Image2Speech is the relatively new task of generating a spoken description of an image. Similar to Automatic Image Captioning, it is a task focused on describing images, however it avoids the usage of textual resources. An Image2Speech system produces a sequences of phonemes instead of (written) words which makes the Image2Speech task applicable to languages which do not have a standardized writing system. This thesis presents an investigation into the evaluation of the Image2Speech task. The Image2Speech output is evaluated with human evaluators as well as multiple objective evaluation metrics.
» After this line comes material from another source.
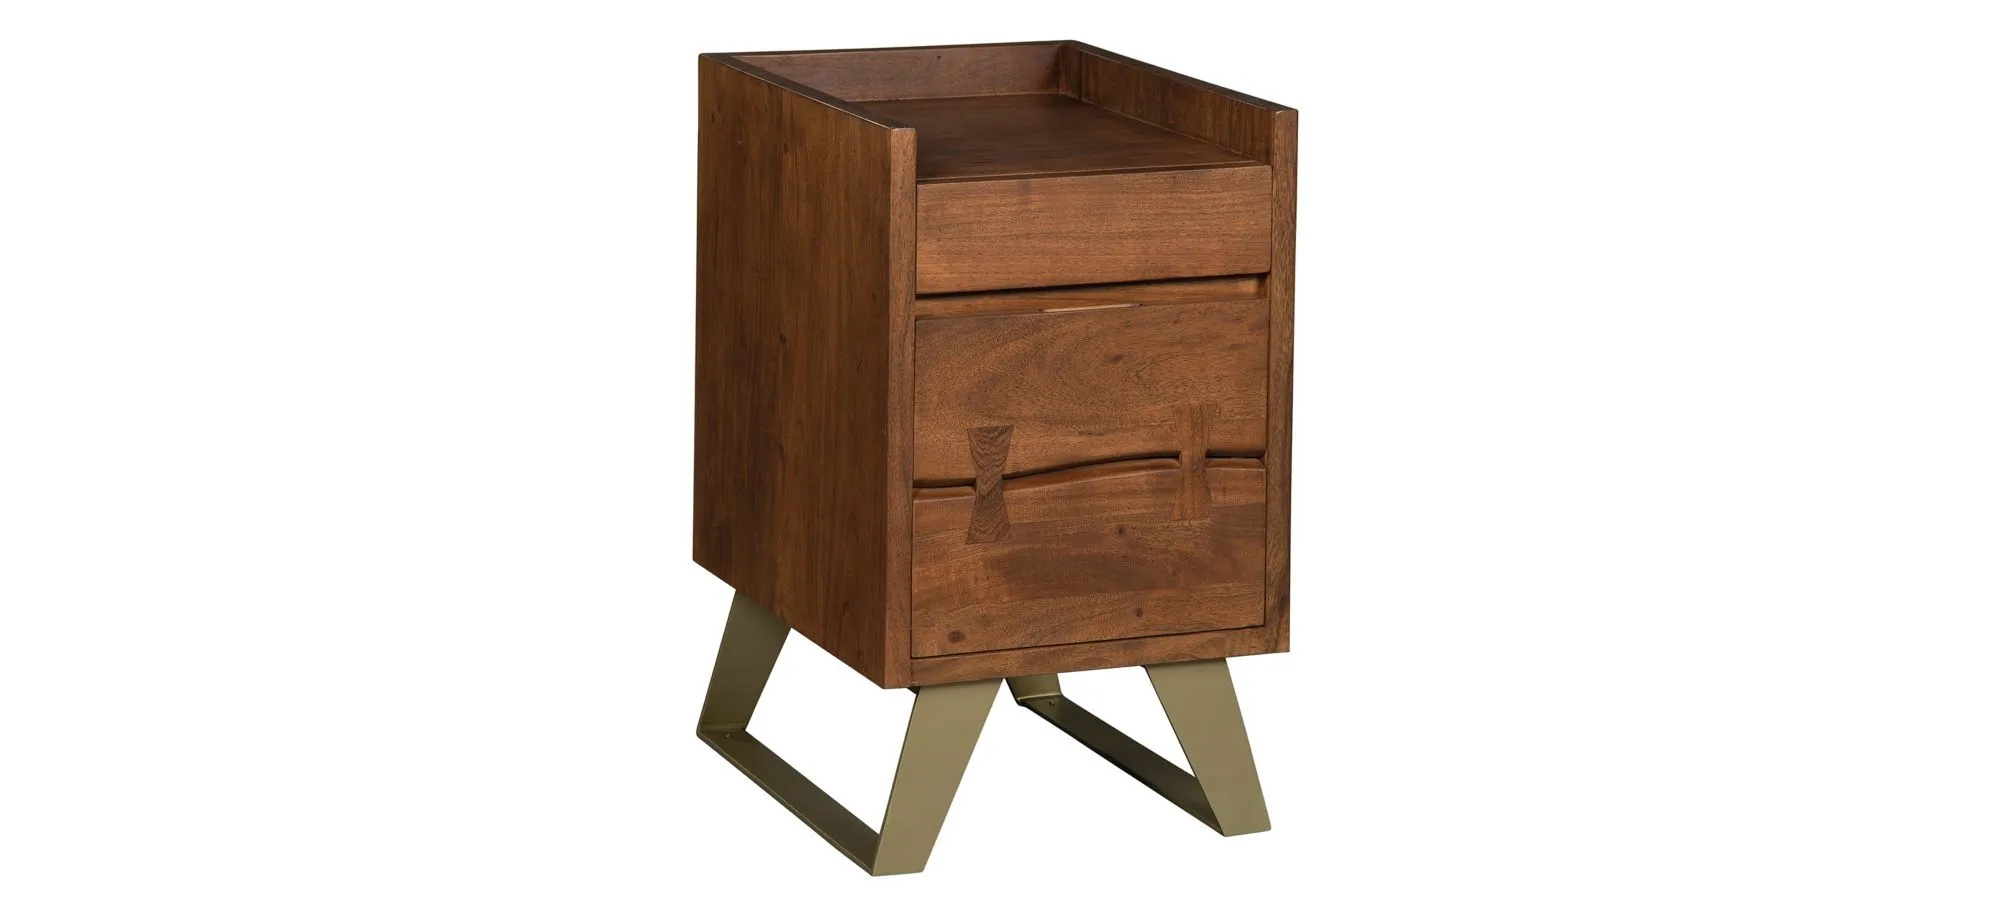 Hekman File Cabinet in SPECIAL RESERVE by Hekman Furniture Company
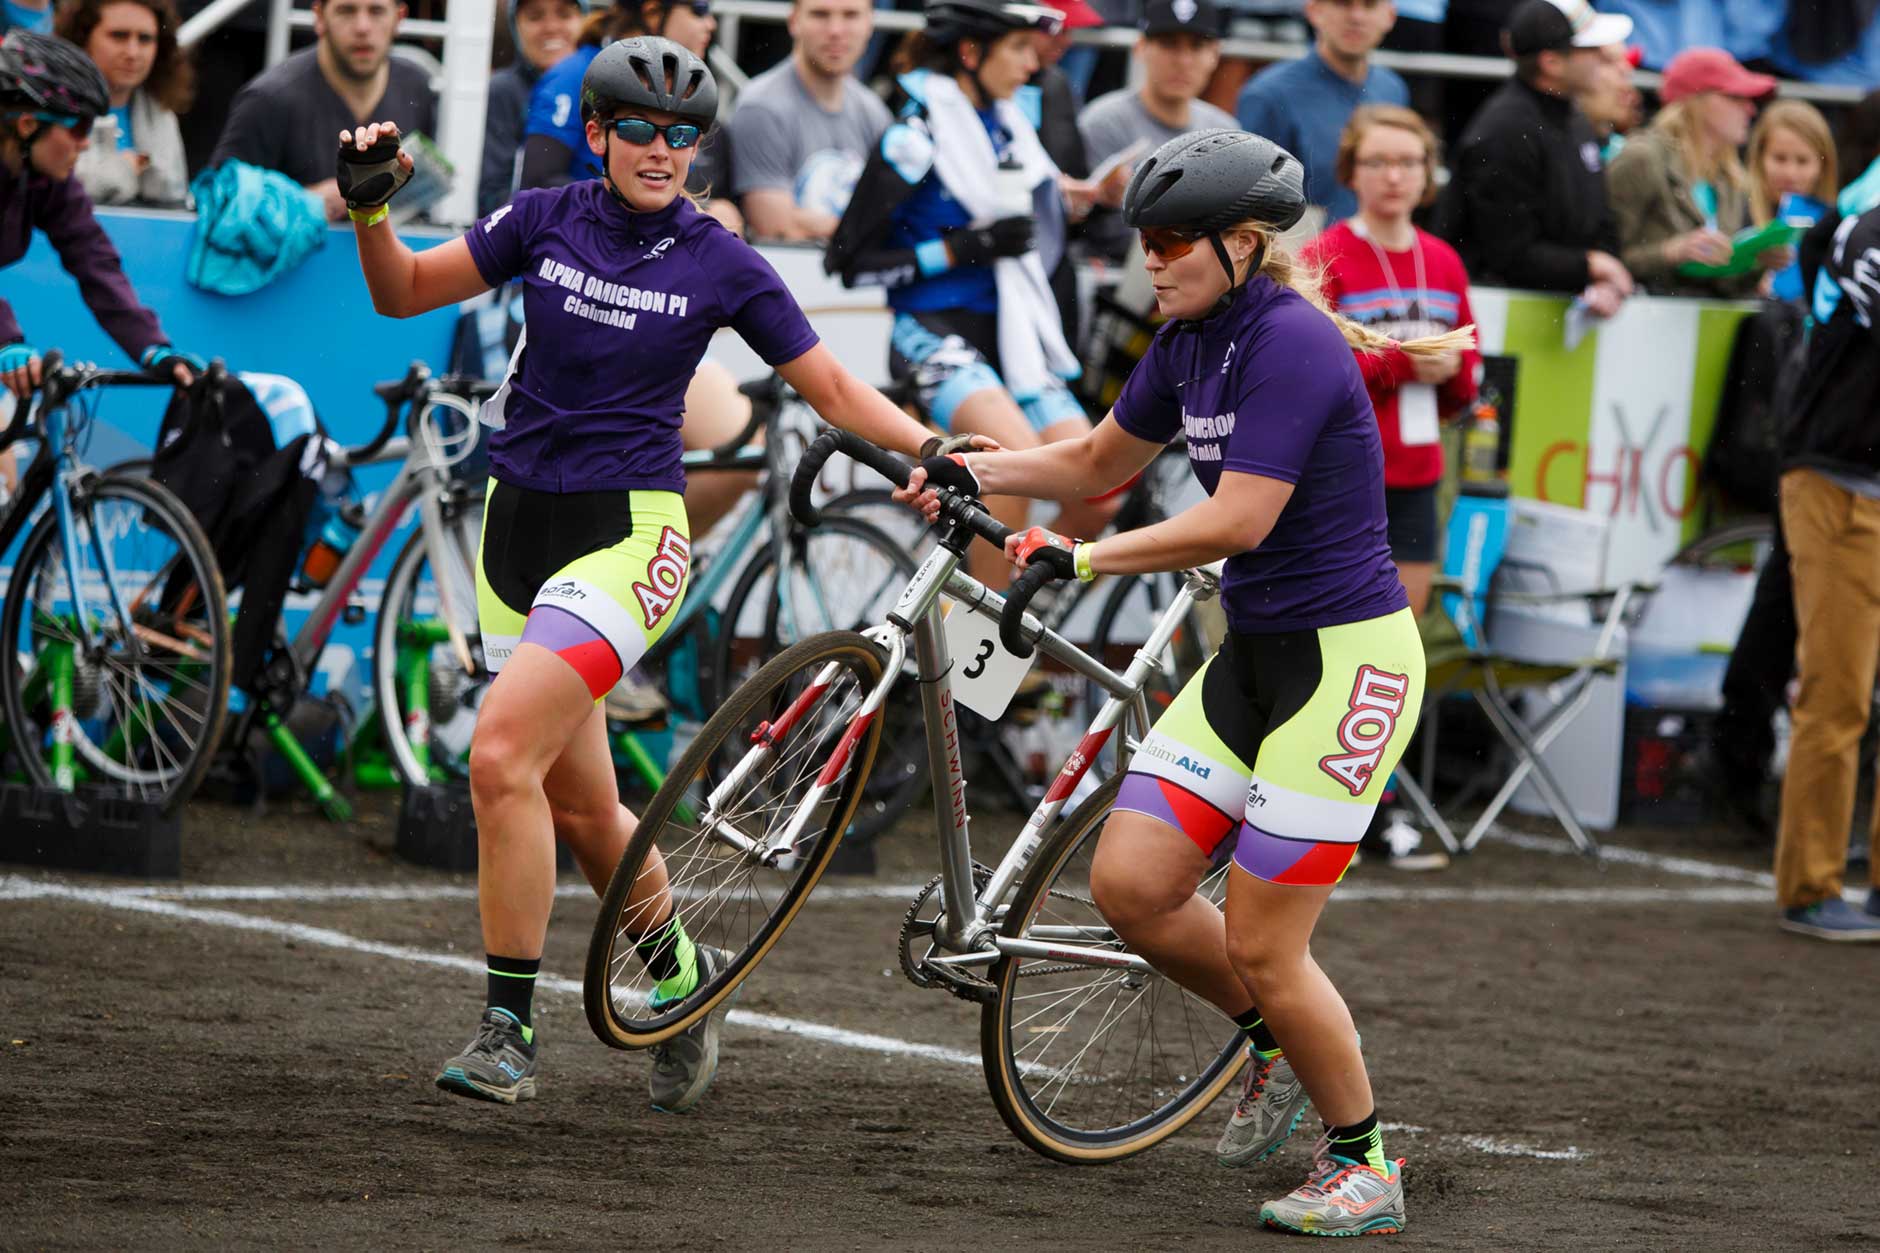 Alpha Omicron Pi's Ali Oppel, left, exchanges with teammate Leigh Dukeman during the Women's Little 500 at Bill Armstrong Stadium on Friday, April 21, 2017. (James Brosher/IU Communications)

These metrics are often used in the field of Natural Language Processing, such as BLEU, METEOR, PER, etc. and can be used to give an indication of the semantic similarity between two sentences of words. Since humans are the end users of Image2Speech systems, the objective evaluation metrics are correlated with human evaluation in order to determine which metric can best evaluate an Image2Speech system with the end users in mind. For this, first an Image2Speech system was implemented which generates image captions consisting of phoneme sequences. This system outperformed the original Image2Speech system on the Flickr8k corpus, which is a dataset containing 8,000 images which each image also having five written and spoken captions. Subsequently, these phoneme captions were converted into sentences of words in order to be more easily interpretable for human evaluators. The captions were rated by human evaluators for their goodness of describing the image and correlated with the objective evaluation metrics. Although BLEU4 does not perfectly correlate with human ratings, it obtained the highest correlation among the investigated metrics, and is the best currently existing metric for automatically evaluating the Image2Speech task. Current metrics are limited by the fact that they assume their input to be words. A more appropriate metric for the Image2Speech task should assume its input to be parts of words, e.g. phonemes, instead.